KedaiPena.Com – Jurubicara Presiden era Abdurrahman Wahid, Adhie M Massardi, meminta agar pemerintah dapat mengikuti jejak langkah mantan bosnya dalam menangani dan memperlakukan masyarakat Papua.
Pernyataan Adhie begitu ia disapa didasari oleh kerusuhan dan gejolak yang terjadi di Papua dalam kurun waktu terakhir ini.
“Berkali-kali teman-teman di Papua mengatakan sebaik-baiknya pemerintah pusat ialah saat zaman Gusdur. Alasannya karena mereka diperlakukan selayaknya manusia oleh Gusdur,” ujar Adhie, kepada KedaiPena.Com, Jumat, (30/8/2019).
Gusdur begitu sapaan khasnya, lanjut Adhie, melakukan pendekatan kemanusian. Hal ini menurut Adhie membuat masyarakat Papua sangat terkesan dengan sikap Gusdur.
“Selama ini pemerintah pusat beranggapan dirinya raja saat ke Papua, datang minta diperlakukan dengan fasilitas dan segala macam, tapi soal kemanusiaan tidak dipenuhi seperti soal akses, dan kesejahteraan,” beber Adhie.
Adhie membeberkan Gusdur juga memberikan kesempatan masyarakat Papua untuk mengibarkan bendera kejora, asal, tidak lebih tinggi dari bendera Merah Putih.
“Gusdur memberikan penyelesaian pendekatan kesejahteraan di Papua dibantu Bang Rizal Ramli yang waktu itu dipercaya menjadi arsitek ekonomi Gusdur,” jelasnya.
Adhie menambahkan melalui Rizal Ramli, Gusdur pun menyiapkan otonomi khusus dan dana alokasi khusus untuk Papua yang sedianya akan terasa kemanfaatnya dalam satu hingga dua tahun selanjutnya.
“Tapi sebelum itu terlaksana, Gusdur dilengserkan dan program-program tersebut tidak dilanjutkan. Presiden selanjutnya tidak memperlakukan masyarakat Papua sebagai saudara setara dengan yang lain. Oleh sebab itu, ketika masalah kecil rasial, jadi meledak,” tegas Adhie.
Cueknya pemerintah pusat selepas kepemimpinan Gusdur, tegas Adhie, diperburuk dengan tidak tersalurkannya anggaran otonomi khusus kepada masyarakat Papua.
“Apakah kita percaya misalnya pusat keluar 100 juta sampai daerah tersebut tidak dipotong. Nanti, ketika sampai Papua juga dipotong. Palingan utuhnya 40 persen,” beber Adhie.

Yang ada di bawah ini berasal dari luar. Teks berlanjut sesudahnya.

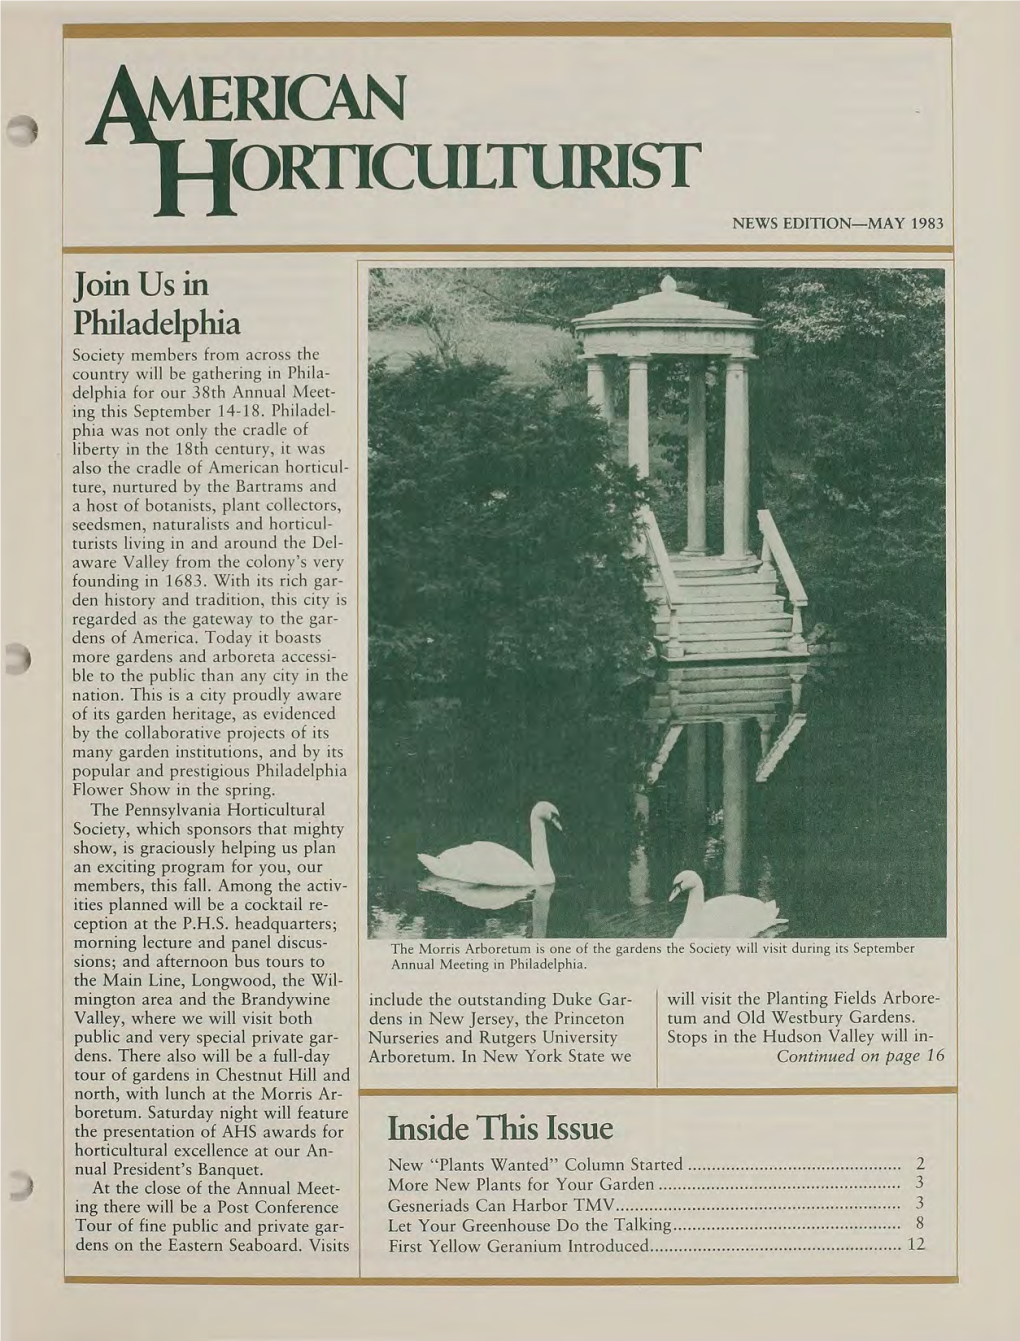 Orticulturist News Edition-May 1983

Warning Untuk Rezim Pemerintahan Jokowi.
Koordinator Gerakan Indonesia Bersih (GIB) ini menilai kerusahan di Papua sebagai warning rezim untuk Presiden Jokowi di periode kedua kepemimpinanya.
“Dalam pilpres kemarin menurut versi KPU Jokowi-Ma’ruf di Papua ini menang telak artinya harus dipersepsikan Jokowi dipercaya oleh masyarakat di sana. Tapi faktanya kejadian dan kerusuhan seperti ini dapat dinilai sebagai kemarahan dan tidak adanya keadilan,” papar Adhie.
Adhie pun mempertanyakan bagaimana jika kasus seperti di Papua terjadi di daerah-daerah yang tidak dimenangkan oleh Jokowi-Ma’ruf pada pemilu lalu.
“Bagaimana daerah yang kalah telak seperti Aceh, Sumbar, Jawa Barat dan sebagian Kalimantan, ketika ada masalah pasti lebih keras dari Papua. Ini kan intinya masyarakat kehilangan kepercayaan dengan pemerintah pusat, khususnya soal ekonomi,” ungkap Adhie.
Sebelumnya, kerusuhan kembali terjadi di Jayapura, Papua, Kamis (29/8/2019). Kerusuhan ini buntut dari dugaan aksi rasisme dan persekusi terhadap mahasiswa Papua di Surabaya pada 16 dan 17 Agustus 2019 lalu.
Dalam kerusuhan di Jayapura hari ini, massa bertindak anarkis. Massa melakukan perusakan dan pembakaran terhadap sejumlah fasilitas umum.
Gedung Grapari Telkom pun dibakar. Selain itu massa pun merusak gedung-gedung di sekitar Grapari.
Situasi mencekam Menteri Koordinator Bidang Politik Hukum dan Keamanan Jenderal TNI (Purn) Wiranto mengaku telah memperoleh laporan perihal kondisi terkini di Jayapura.
“Hari ini saya juga mendapat laporan demo yang berjalan di Abepura ke Jayapura sudah membakar gedung MRP, ya menjebol rumah tahanan,” kata Wiranto di Kompleks Parlemen, Senayan.